Is there a difference in health outcomes between the biosimilar medicine and the reference biological medicine?

Page last updated: 23 March 2017

No. A biosimilar medicine has been tested and shown to be as safe and effective as the reference biological medicine, and either can be used to treat the disease. The minor differences between reference and biosimilar medicines do not affect the safety or effectiveness of the biosimilar medicine.

There is no difference in the quality of biological and biosimilar medicines. The manufacturing process for a biosimilar medicine must comply with the same quality requirements for any biological medicine and must demonstrate that the production process can consistently produce a high-quality product.

In 2016, the School of Pharmacy and Medical Sciences at the University of South Australia looked at the recent research that had been published about biosimilar medicines. The review summarised evidence which proved that biosimilar medicines were as safe and effective, and of the same quality, as the reference biological medicines.

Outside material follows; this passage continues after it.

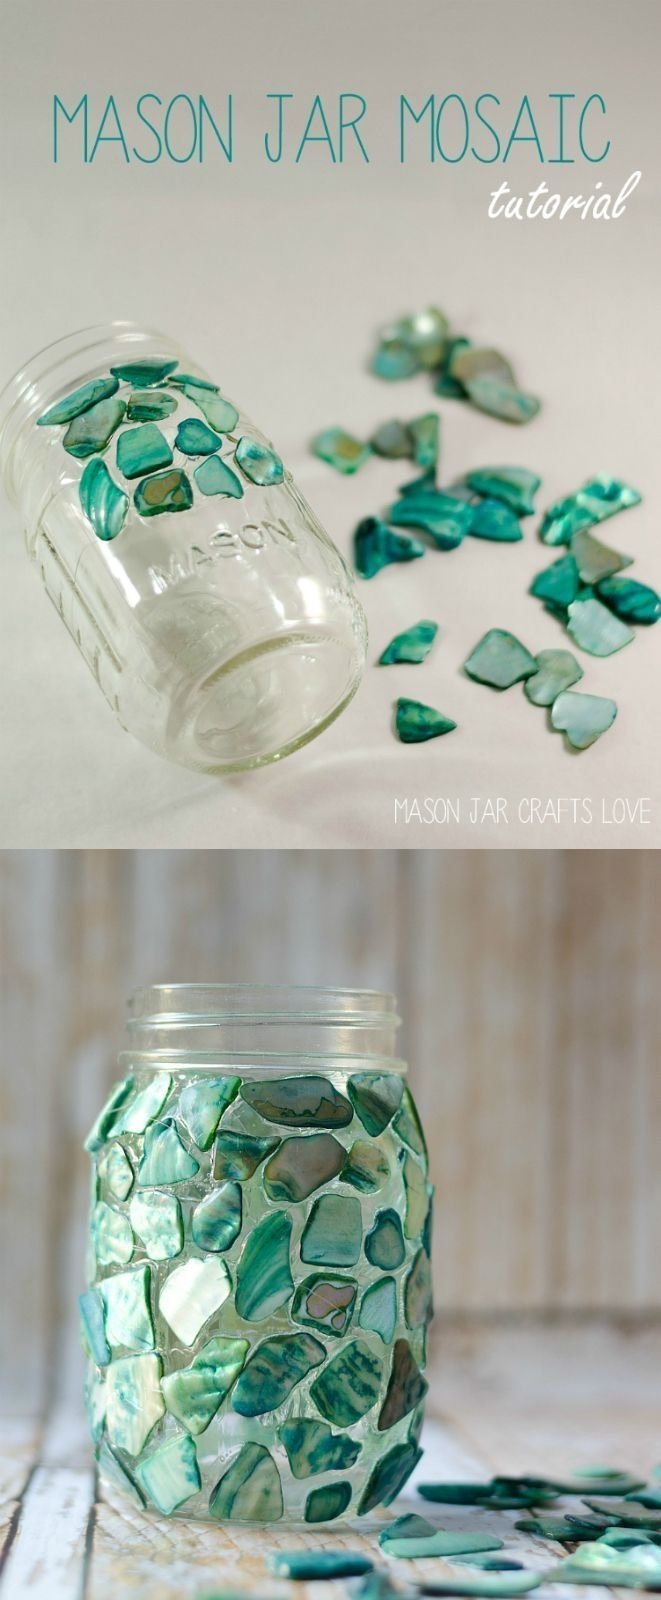 10 Great Craft Ideas For Mason Jars diy crafts mason jar craft ideas mason jar mosaic mosaic craft 1 2022

Questions commonly asked about the safety, effectiveness and quality of biosimilar medicines
Question Answer
Is there a higher risk of side effects with biosimilar medicines compared with the reference biological medicines? No. The incidence of side effects (i.e. the number of people who experience side effects) is the same for biosimilar medicines as for biological medicines. For a biosimilar medicine to be approved for use in Australia, it must show that the incidence and severity of side effects are no greater than for the reference biological medicine.
Is there a higher risk of an allergic reaction with a biosimilar medicine compared with the reference biological medicine? (known as immunogenicity) No. The incidence of allergic reactions (i.e. the number of people who experience allergic reactions) for biosimilar medicines is no greater than for the reference biological medicine.  Such reactions are monitored by the Therapeutic Goods Administration (TGA).
Can a biosimilar medicine be used to treat all the same conditions as the reference biological medicine? (known as indication extrapolation)

The TGA decides whether the biosimilar medicine will be registered to treat all the same conditions as the reference biological medicine.

This decision is based on sound scientific principles and guidelines from the European Medicines Agency.
Will switching between reference and biosimilar medicines lead to different health outcomes? No. Biosimilar medicines have been demonstrated to provide the same health outcomes as the reference biological medicine. International research has found no difference in outcomes with switching from reference biological medicines to biosimilar medicines.
Who monitors whether the medicine is still safe and effective once it reaches the market? (known as pharmacovigilance)

The TGA monitors the safety of biosimilar medicines once they reach the market, and also relies on the public, health professionals and industry to report problems with medicines. If the TGA finds that there may be a risk to patients from a medicine, it can require changes to product labelling or use, or take the medicine off the market.

How are the differences in the medicines monitored? The TGA monitors biological and biosimilar medicines to ensure that the variability of the molecules is within the established acceptable ranges.

The number and type of adverse effects and side effects are the same for biosimilar medicines as for the reference biological medicines. In the European Union, no significant problems relating to adverse events have been discovered with biosimilar medicines since their introduction in 2006.[1]


[1]  Pasina L et al . Biological agents and biosimilars: Essential information for the internist. European Journal of Internal Medicine 2016- 33:28-35.

If you are already taking a biological medicine, you and your doctor can choose to switch your treatment to a biosimilar medicine. Recent postmarket research has found no differences in health outcomes between patients who switched medicines and patients who remained on the reference biological medicine.